Photoswitchable fluorescent diarylethene derivatives with short alkyl chain substituents

The sulfone derivatives of 1,2-bis(2-alkyl-6-phenyl-1-benzothiophen-3-yl)perfluorocyclopentene having various short alkyl chain substituents at reactive carbons were prepared and the effect of alkyl substitution on the fluorescence property of the closed-ring isomers was studied. Upon irradiation with ultraviolet (UV) light the derivatives exhibit a brilliant green fluorescence under irradiation with visible (> 400 nm) light, while the fluorescence disappears upon irradiation with visible (> 400 nm) light alone. The fluorescence quantum yield of the methyl substituted derivative (1b) dramatically decreases from 0.84 to 0.15 when the solvent is changed from hexane to acetonitrile, while the changes of ethyl, n-propyl and n-butyl substituted derivatives (2b)–(4b) are moderate. The quantum yields of (2b)–(4b) are kept to values close to 0.7 even in polar acetonitrile. The fluorescence lifetime measurement revealed that efficient non-radiative decay processes took place in (1b) in polar solvent, while their contribution to the deactivation was not so large in (2b)–(4b). The neighboring short alkyl chains at the connecting carbons are considered to defend the sulfone units against the attack of polar solvent molecules and weaken the solvent polarity effect.

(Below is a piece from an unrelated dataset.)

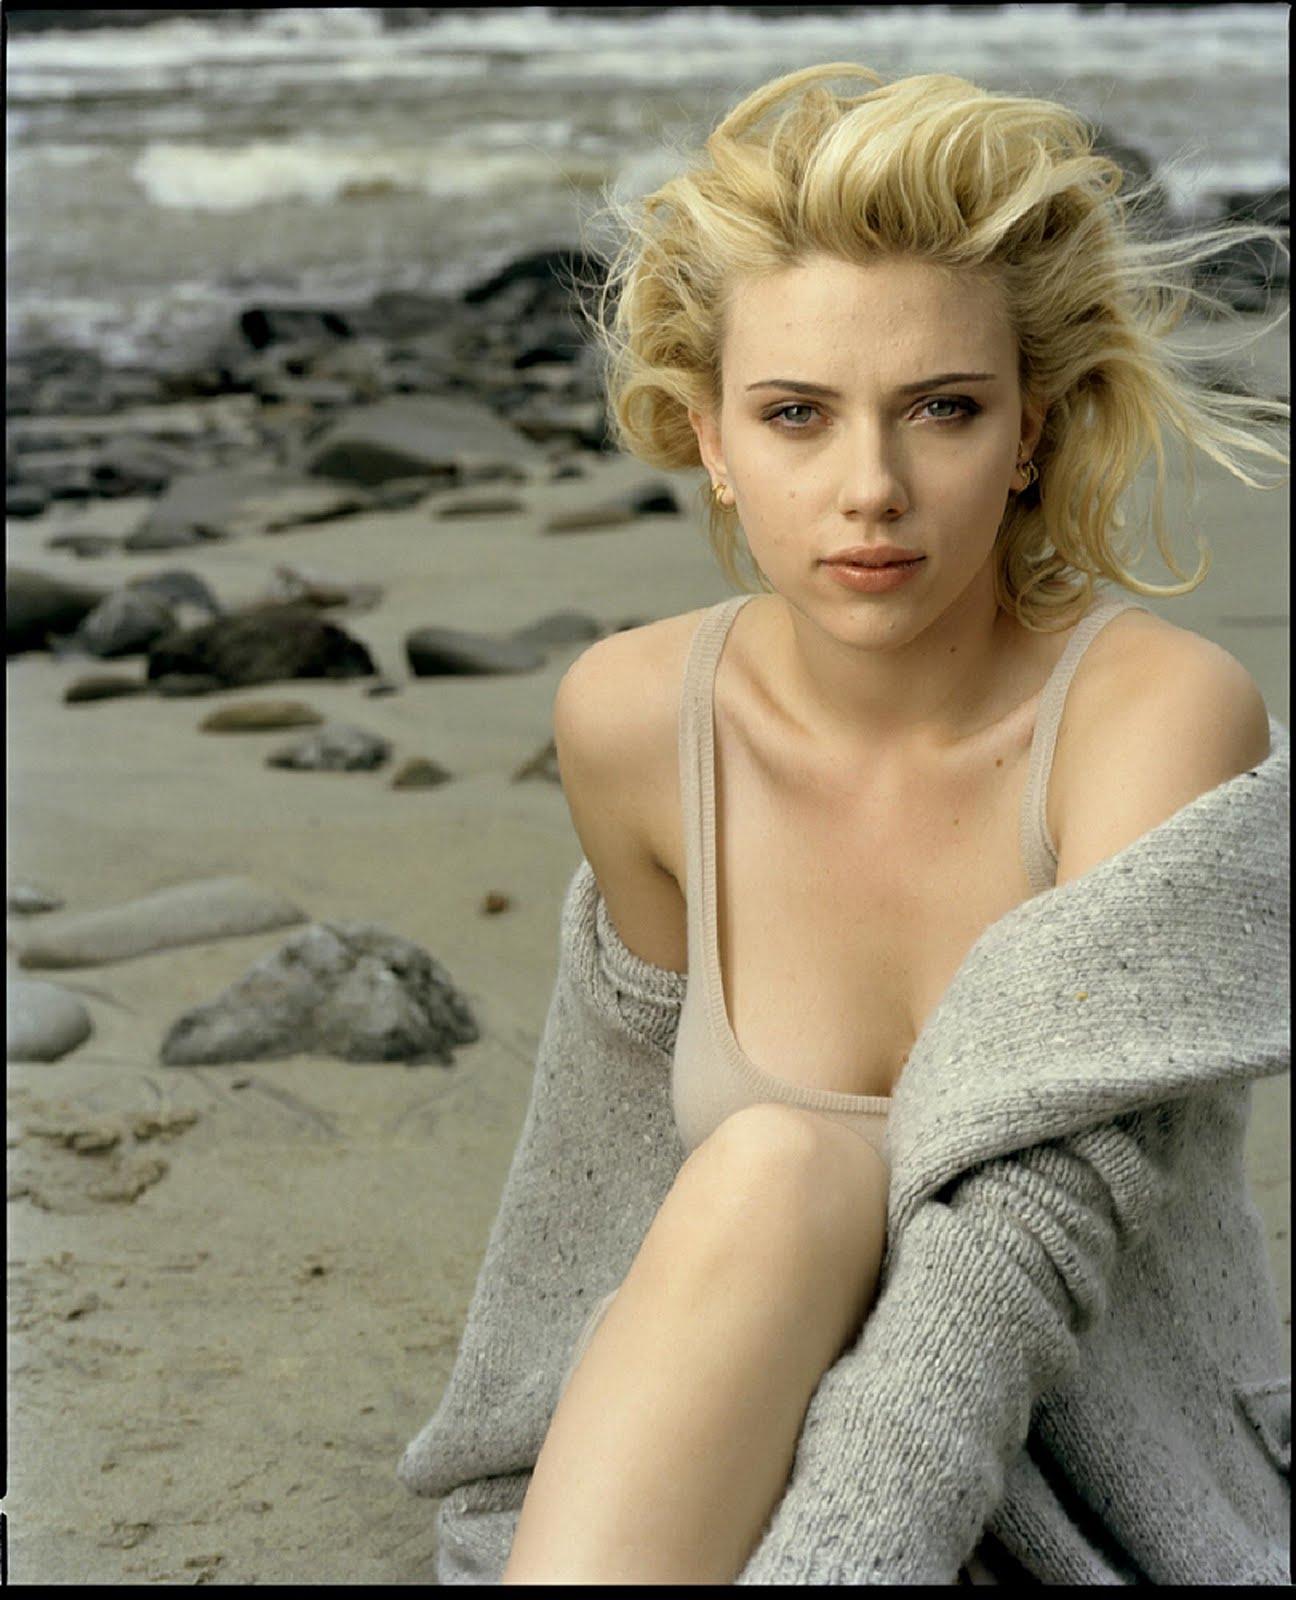 http://3.bp.blogspot.com/_cyH_7sPxVcQ/TD3sWNO7RnI/AAAAAAAADW4/jcBZ-3Yf0XU/s1600/Scarlett+Johansson+in+Beautiful+Beach+Photoshoot+by+Annie+Leibovitz+(2).jpg

Picosecond laser photolysis studies on a photochromic oxidation polymer film consisting of diarylethene molecules

Picosecond laser spectroscopy was applied to the direct detection of photochromic reaction processes in a network polymer film prepared by oxidation polymerization of a diarylethene derivative. Both the coloration due to the cyclization and the decoloration via the cycloreversion took place in less than 30 ps. The time constants of both photochromic reactions were almost the same as those of diarylethene monomers obtained in the solutions, indicating that the oxidation polymer film system retains a similarly high response time as in the solution phase.

Photoisomerization of an azobenzene gel by pulsed laser irradiation

A decalin gel consisting of a 3,3-bis[{(octylamino)carbonyl}propoxy]azobenzene derivative with H-aggregation showed a photon-density dependent E-Z isomerization, indicating the cooperating isomerization of each module.